Smart phone, which I don’t turn on except when travelling.​

Computer:

​I have a laptop at home but I can’t work on that cramped keyboard. I have a desktop at the office. It’s just the usual Dell.​

Essential software/apps/productivity tools:

​I’m so ashamed. I really have none. MS Word, for crying out loud. Skype phone so I can use the headphones and leave my hands free to type. I hear about the things that other writers use and once in a while I try one so I don’t feel too backward. I always think that habits of interviewing and note-taking and writing are so idiosyncratic, I don’t know how other writers adapt to these apps and tools which they didn’t design. I have a regular desk chair and sit in it until my back hurts, then I stand up for a minute. I wish people would stop writing stories about sitting for eight hours being a health hazard.

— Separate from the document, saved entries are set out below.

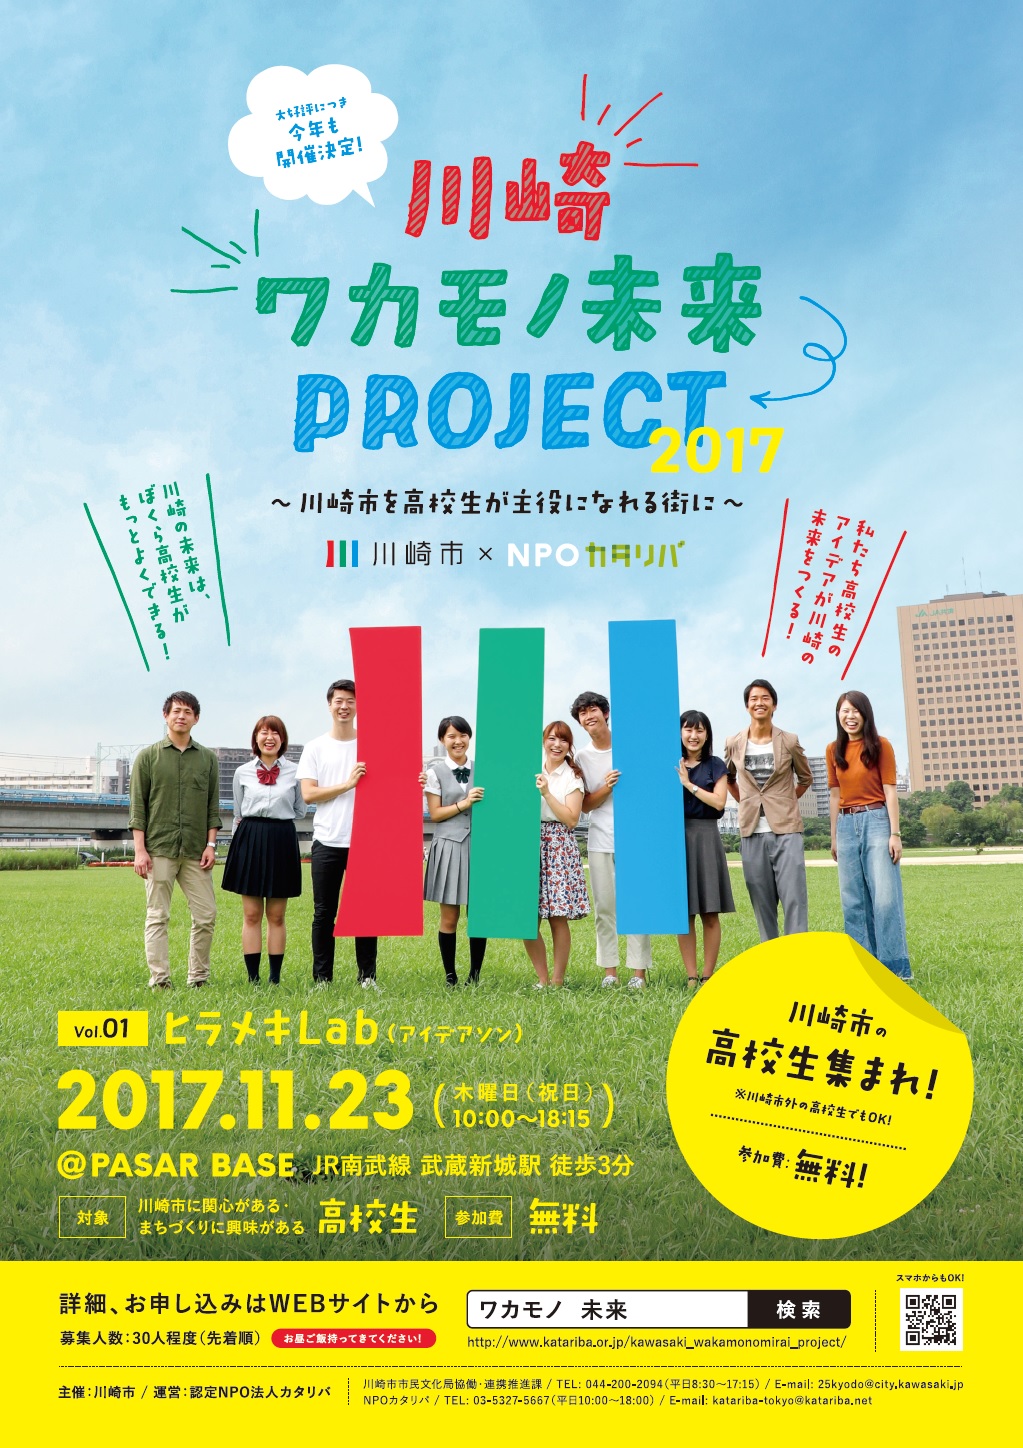 期間終了 関東でのマイプロスタートアップ 川崎ワカモノ未来project17 News マイプロジェクト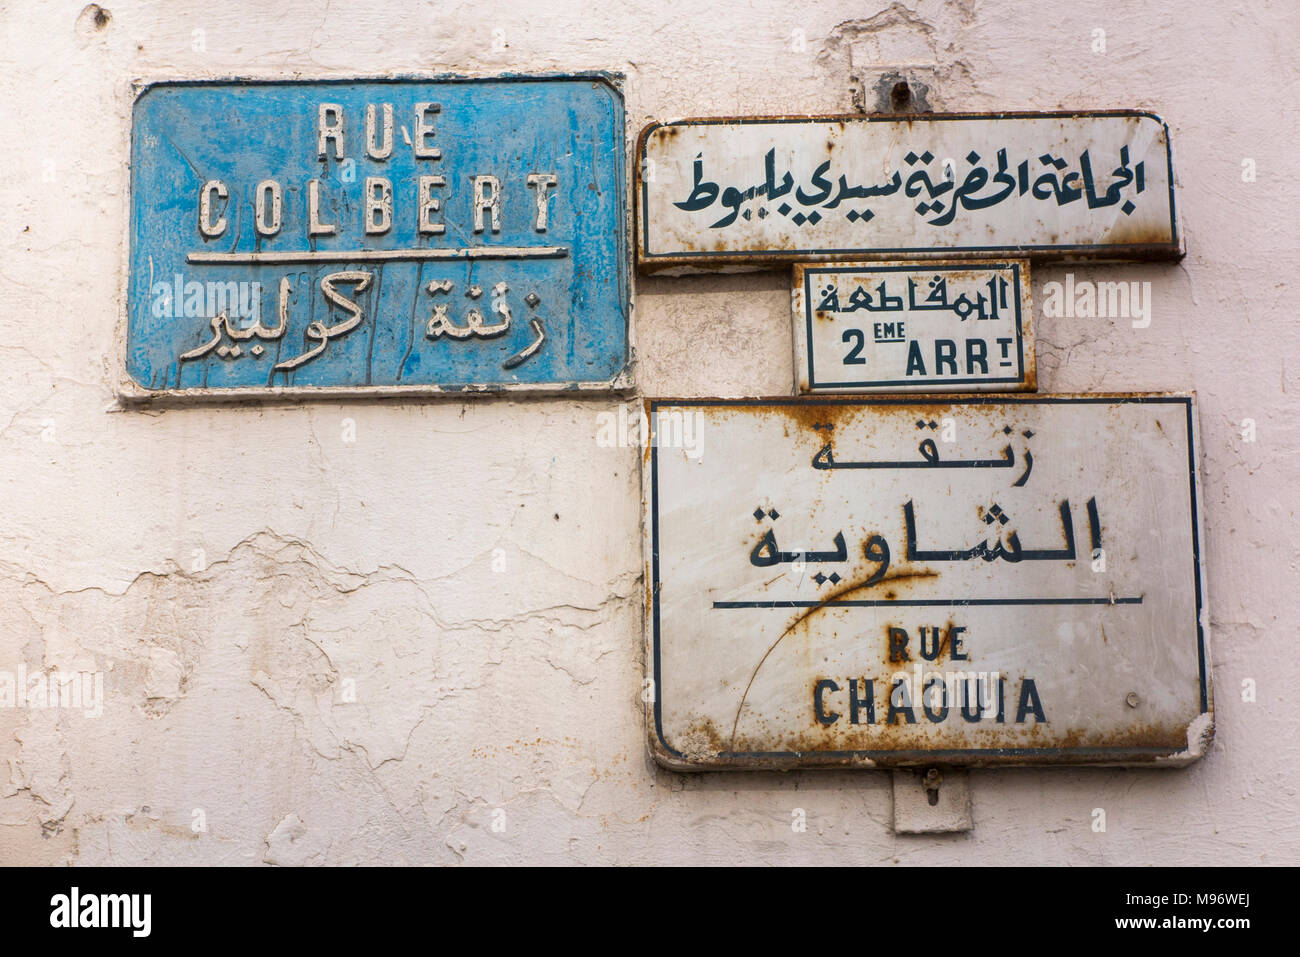 Marokko, Casablanca, Rue Colbert und Rue Chaouia Straßennamenschilder in Französisch und Arabisch Stockfoto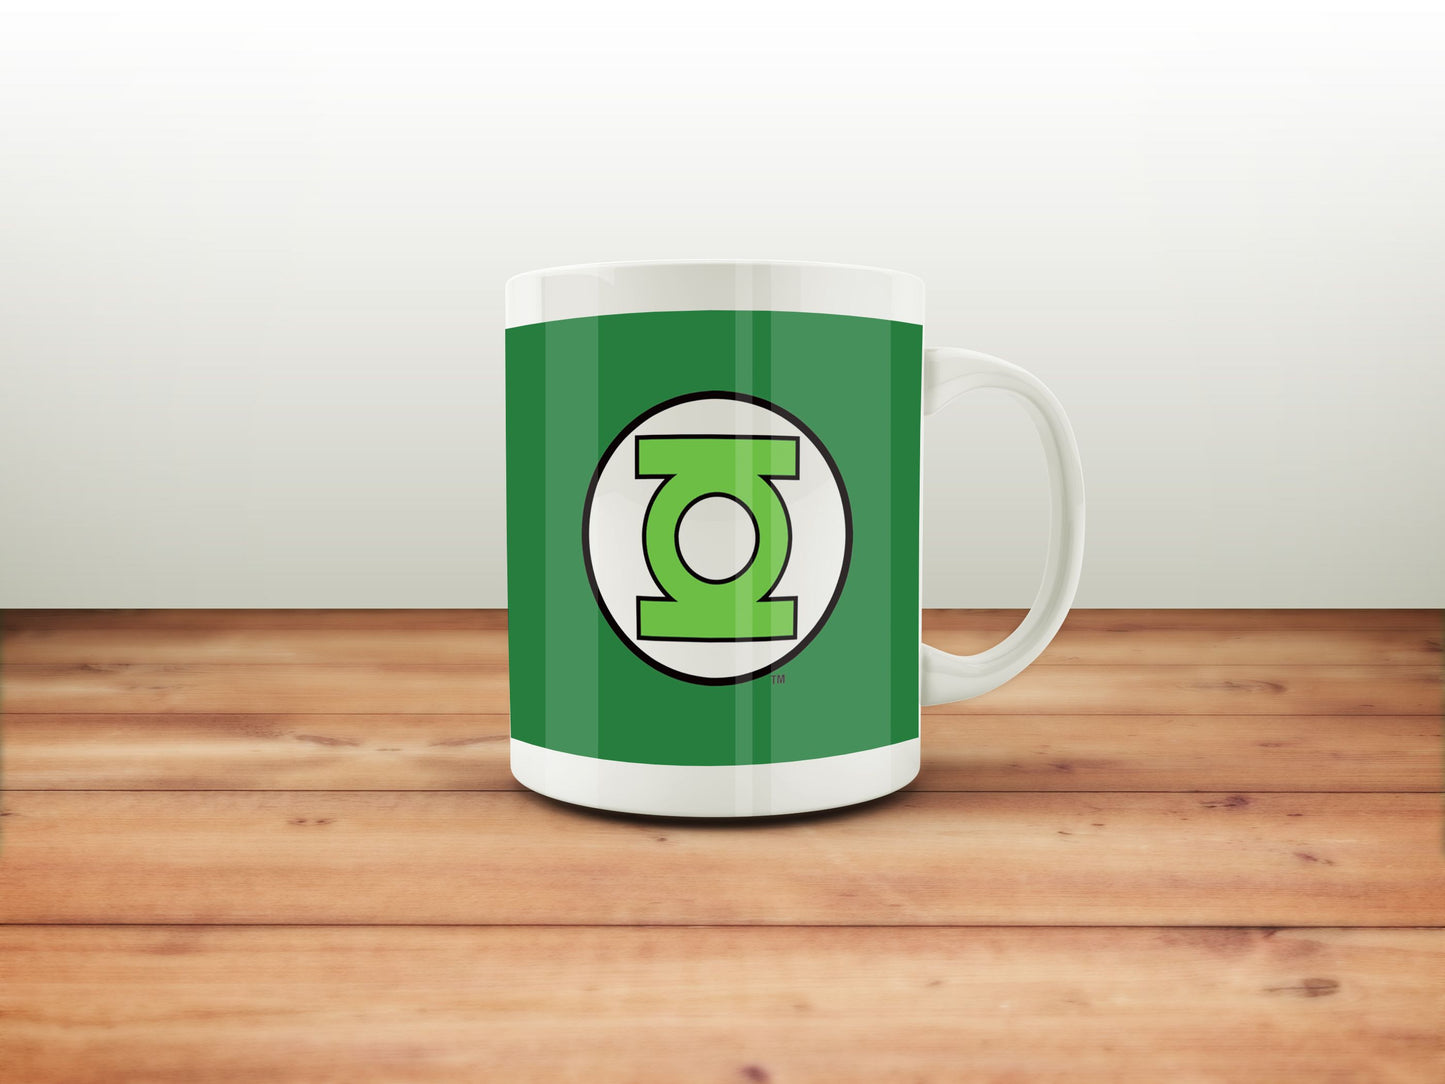 DC Comics Green Lantern Mug - Logo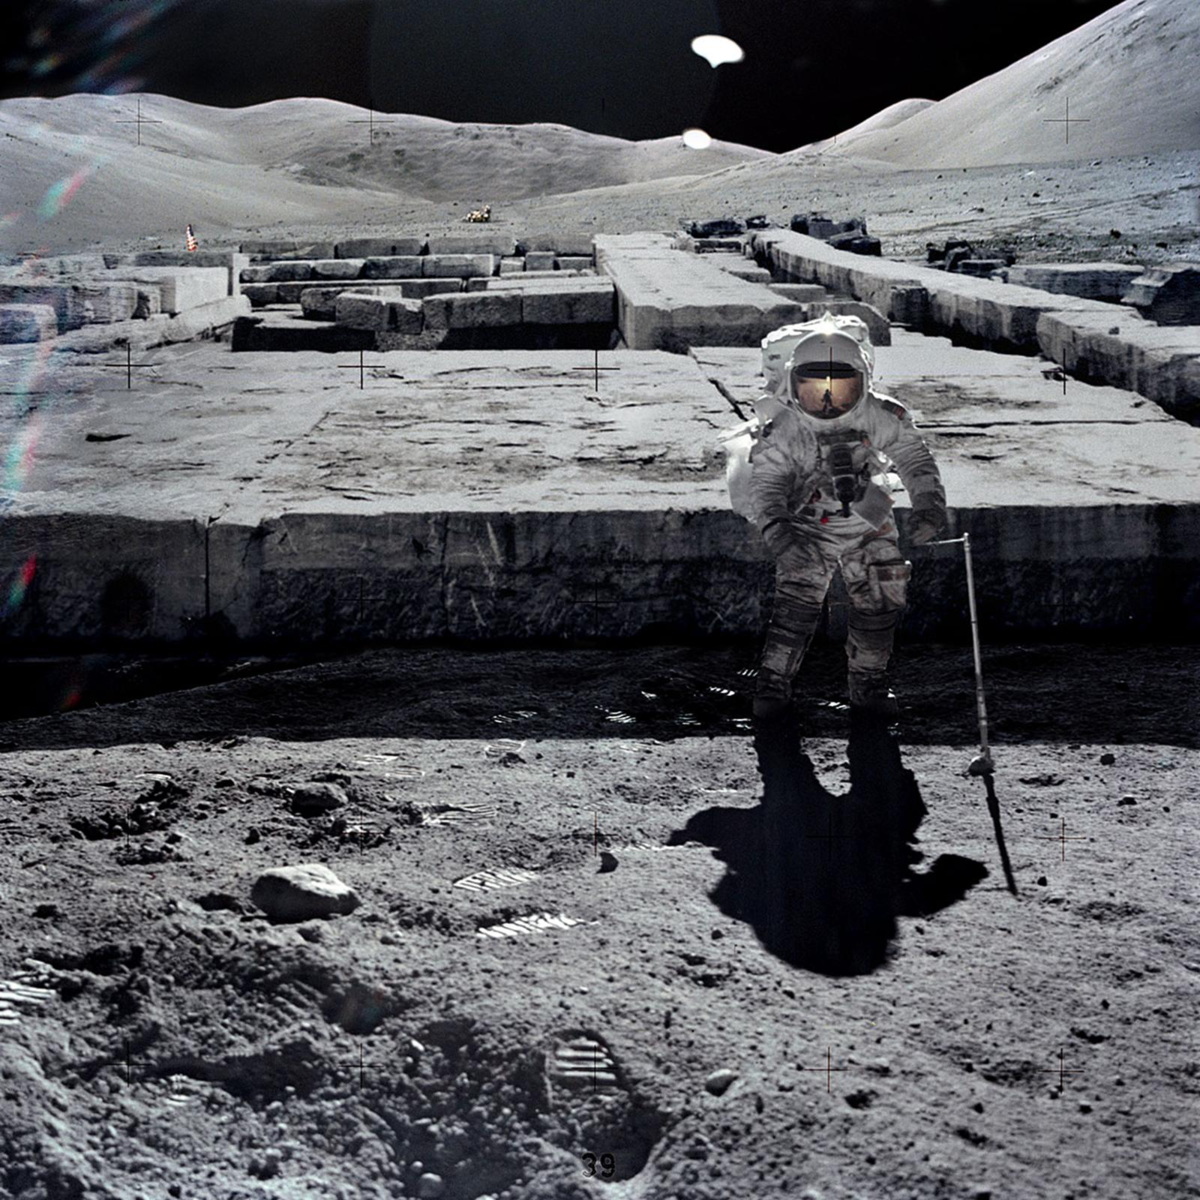 El Otro Lado De La Luna: ¿Bases Alienígenas O El Cementerio De Un Antiguo Astronauta?

Favorite time waster/procrastination habit:

Screwing around on the Internet. Me and everybody else.​

My reading habits:

I read the NYT and WSJ book reviews, the NY Review of Books, Science, Nature, and lots of longreads and features online. That’s professional reading. My personal reading is always fiction. I read it at night when my eyes are really too tired and computer-buggy to read, so each book takes a long time.​

Sleep schedule:

I’ve always needed a lot of sleep and on a regular schedule: 9:00 p.m. to 5:30 or 6:00 a.m.​ I’m ashamed of this too—it seems so weenie-like. And as I said, boring.